In the present study, we investigated the incidence of COVID-19 infection in India using border entry screening data in Japan, to estimate the daily incidence as well as cumulative incidence of infection in India during the Delta variant wave. Analysing the results of mandatory testing among non-Japanese passengers arriving from India entering Japan, we aimed to reconstruct the COVID-19 incidence in India during that period.

Methods

Entry screening in Japanese airports

Border control measures in Japan involved travel restrictions and entry/exit screening. The travel restrictions were realized by restricting visa, including visa suspension and regulation of visa types to permit an entry. From December 28, 2020, individuals holding new-entry visas from all countries were prohibited from entry. Although the restriction was only briefly eased for 23 days from November 8, 2021, the restriction restarted with the emergence of Omicron variant (B.1.1.529) by March 1, 2022. Only individuals holding re-entry visas and others (i.e., those holding family visas, diplomatic visas, or permanent resident visas) were allowed to enter Japan from September 1, 2020. Our study period, from February 28 to July 3, 2021, corresponded to the time period when individuals holding re-entry visas, family visas, and other certain visas were permitted to enter Japan. Even among re-entry visa holders, passengers from India were temporarily refused to enter due to growing epidemic of Delta variant (B.1.617.2) in India from May 14 to September 20, 2021.

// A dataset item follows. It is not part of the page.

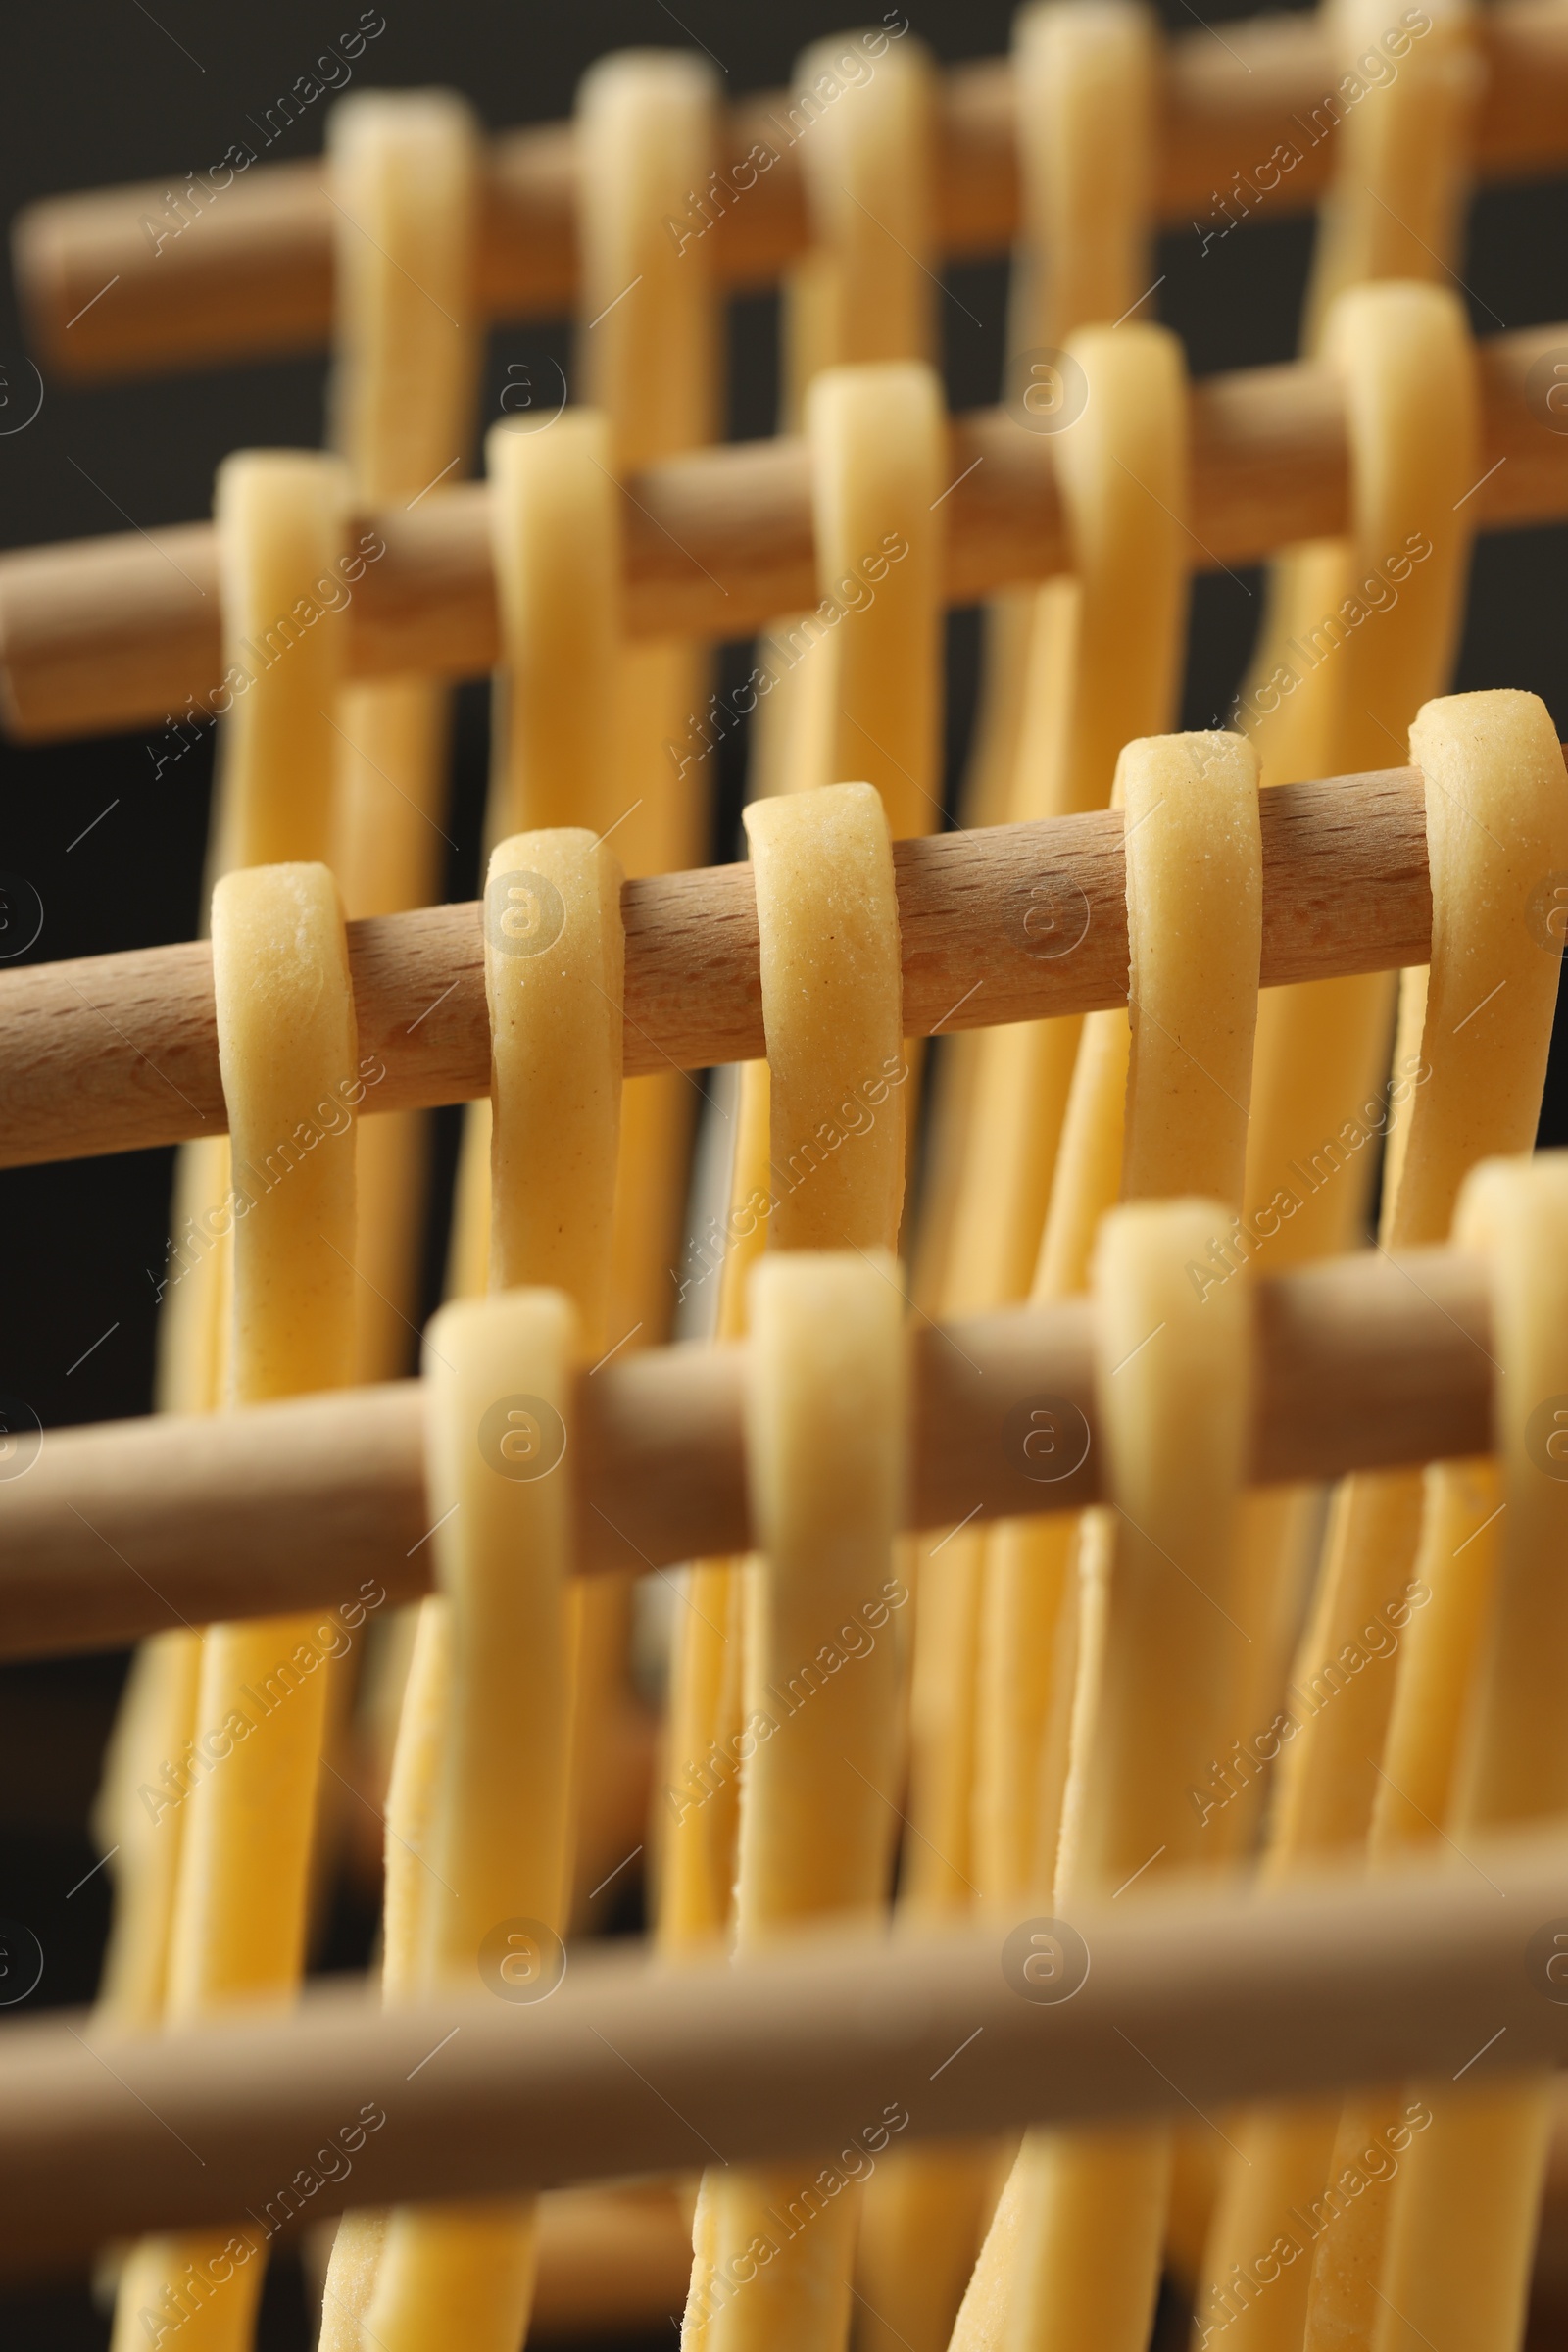 Photo of Homemade pasta drying on wooden rack against dark background, closeup
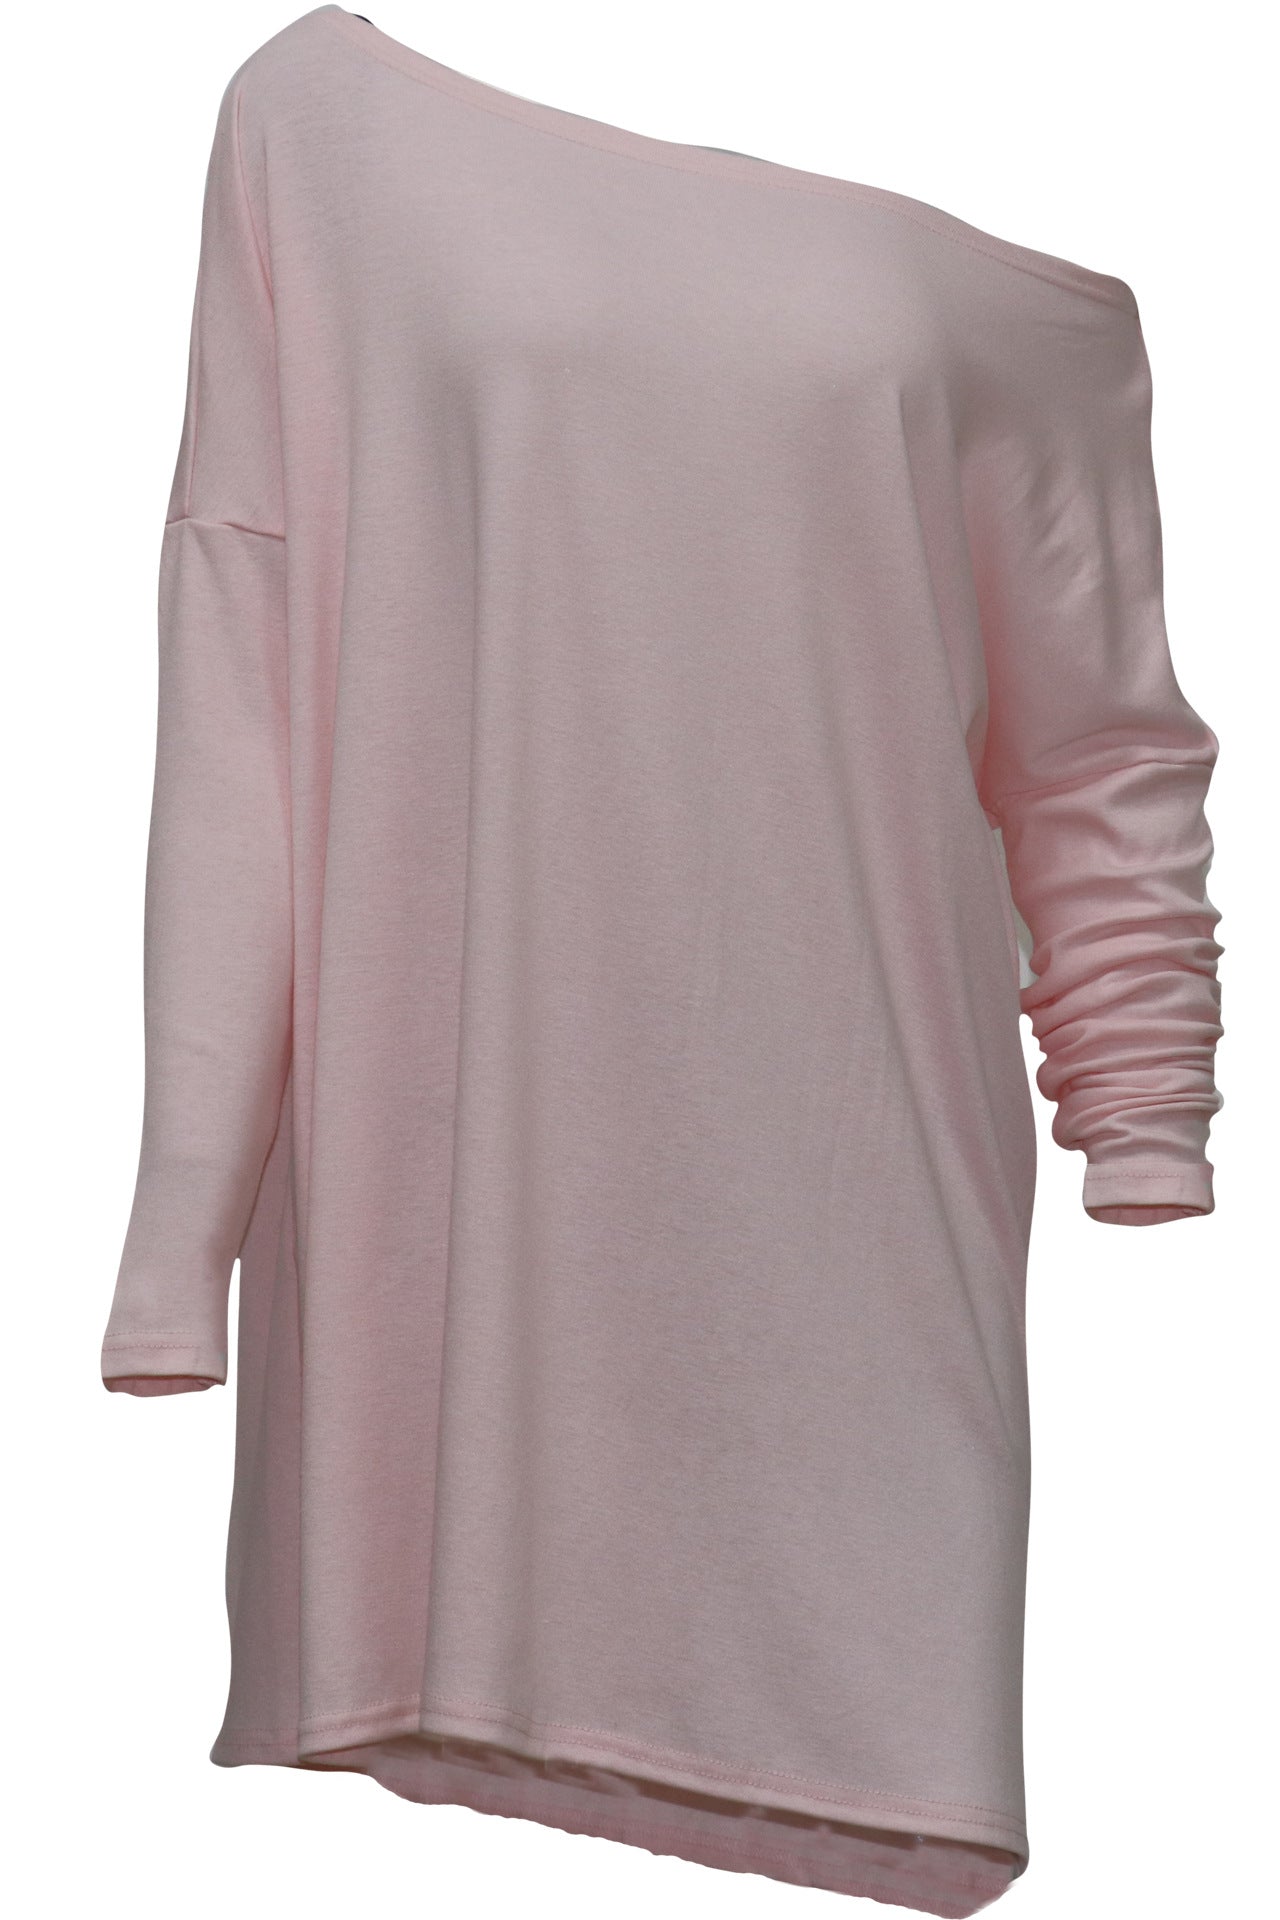 Fashion Off The Shoulder Long Sleeves T Shirts-Pink-S-Free Shipping at meselling99

Entry and exit screening were also strictly carried out. Exit screening measure mandated all passengers to Japan to present a negative test certificate of RT-PCR testing that was conducted within 72 hours before departure from January 13, 2021. During the epidemic wave of interest in 2021, entry screening was mandatorily conducted at all airports in Japan, with post-arrival testing of all incoming passengers carried out using real-time reverse transcription-polymerase chain reaction (RT-PCR). To conduct a large number of tests and post-hoc interviews among individuals with positive results as well as carry out quarantine procedures, airports that were open to international flight were restricted to Tokyo Narita, Tokyo Haneda, and Kansai International Airport, as officially planned by the Japanese government and implemented from April 3, 2020. Passengers were tested immediately upon arrival, and the testing result was available on-site in a matter of 2 hours. Any individuals who tested positive were either guided to begin isolation at designated hospitals or asked to remain at hotel facilities until recovery [26]. The results of entry screening were summarized according to passengers’ country of origin and nationality [27].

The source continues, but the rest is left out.